THE DIFFERENCE OF SPRUNG Vs. UNSPRUNG WEIGHT
OpenRoad
Sprung Vs. Unsprung Weight
I was RECENTLY asked to explain the difference between sprung and unsprung weight. If we’ve been deluding ourselves thinking everyone had a clear idea what those terms meant, let me try to clear up some of the confusion.
In simplified form, what we call unsprung weight are the wheels and everything directly connected to them— moving in response to the road—and sprung weight is made of the components attached to the chassis, including the rider.
Without suspension, our motorcycles would leave the ground over rough roads, making control difficult and comfort impossible. But even with suspension, the unsprung weight in the wheels and their attachments still wants to leave the ground and bounce down rough roads.
We have two ways to control this force. One is suspension travel, and the greater the travel provided (given equally effective damping), the softer the springs we can use to control this bouncing mass— improving comfort. Two, we must also make the unsprung weight as light as possible in relation to the sprung weight so that the chassis’ inertia resists being disturbed and works to keep the wheels in contact with the road—improving control.
Notice that it’s the intended use that determines the appropriate suspension design. Dragstrips are smooth enough that suspension is barely necessary, while offroad use is the most demanding scenario. Everything else falls between these two extremes. Some cruisers can give an acceptable ride quality with little more than 2" of travel, while less than a foot might be inadequate on a supercross track.
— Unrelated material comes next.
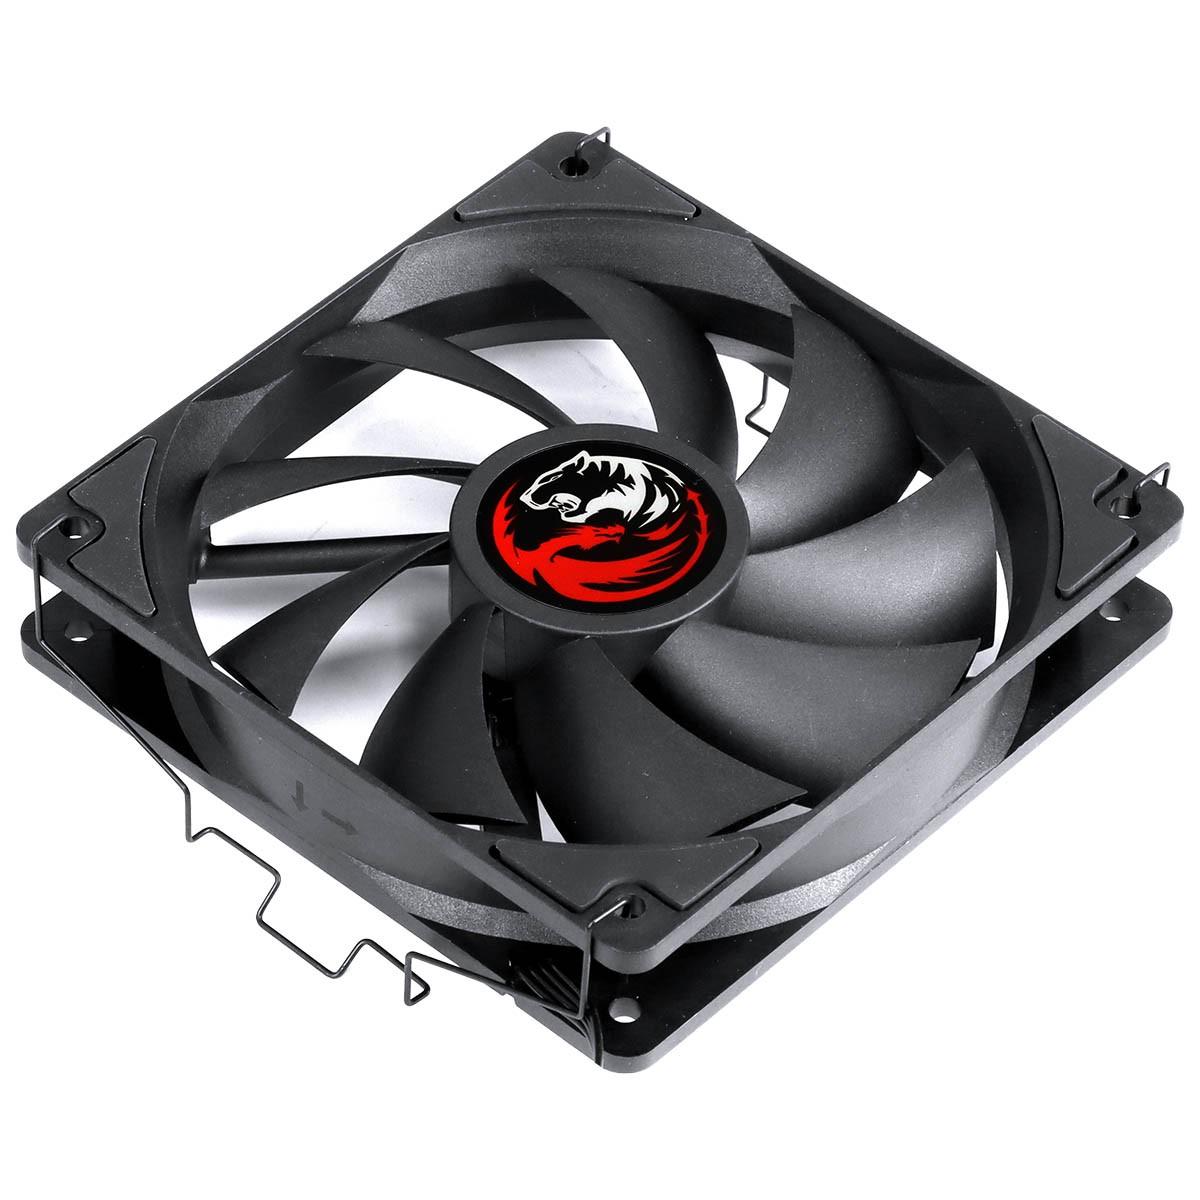 Cooler para Processador PCYES Nótus B, 120mm, Intel-AMD, PCYACNB

Because the ratio of sprung-to-unsprung weight is critical, the weight of the whole motorcycle becomes significant. If a cruiser weighs 700 lbs. and has 80 lbs. of unsprung weight (entirely possible), this ratio is 80/620 or 1:7.75. But to achieve this same ratio on a dirt bike that weighs just 250 lbs., the unsprung weight must be no more than 32.26 lbs.—almost impossible. Thus, in addition to longtravel suspension, we see aluminum axles and almost dainty ultralight brake calipers and discs fitted to high-end dirtbikes.
And while the concept of reducing a motorcycle’s weight to improve its performance has been around forever, notice that where the weight is removed makes a big difference. For instance, if we remove 20 lbs. of unsprung weight from our hypothetical 700-lb. cruiser (perhaps with carbon fiber wheels), its ratio would be 60/620 or 1:10.3, a huge improvement. But if we were to take the 20 lbs. from the sprung weight, the ratio would be 80/600, or 1:7.5, slightly worse than stock. And although a bike’s theoretical performance is based on its power-to-weight ratio (the same in both examples), in fact, the necessary traction to use all that performance may depend on how well the tire is able to maintain contact with the road, in which case the better sprung/unsprung ratio will also have a performance advantage.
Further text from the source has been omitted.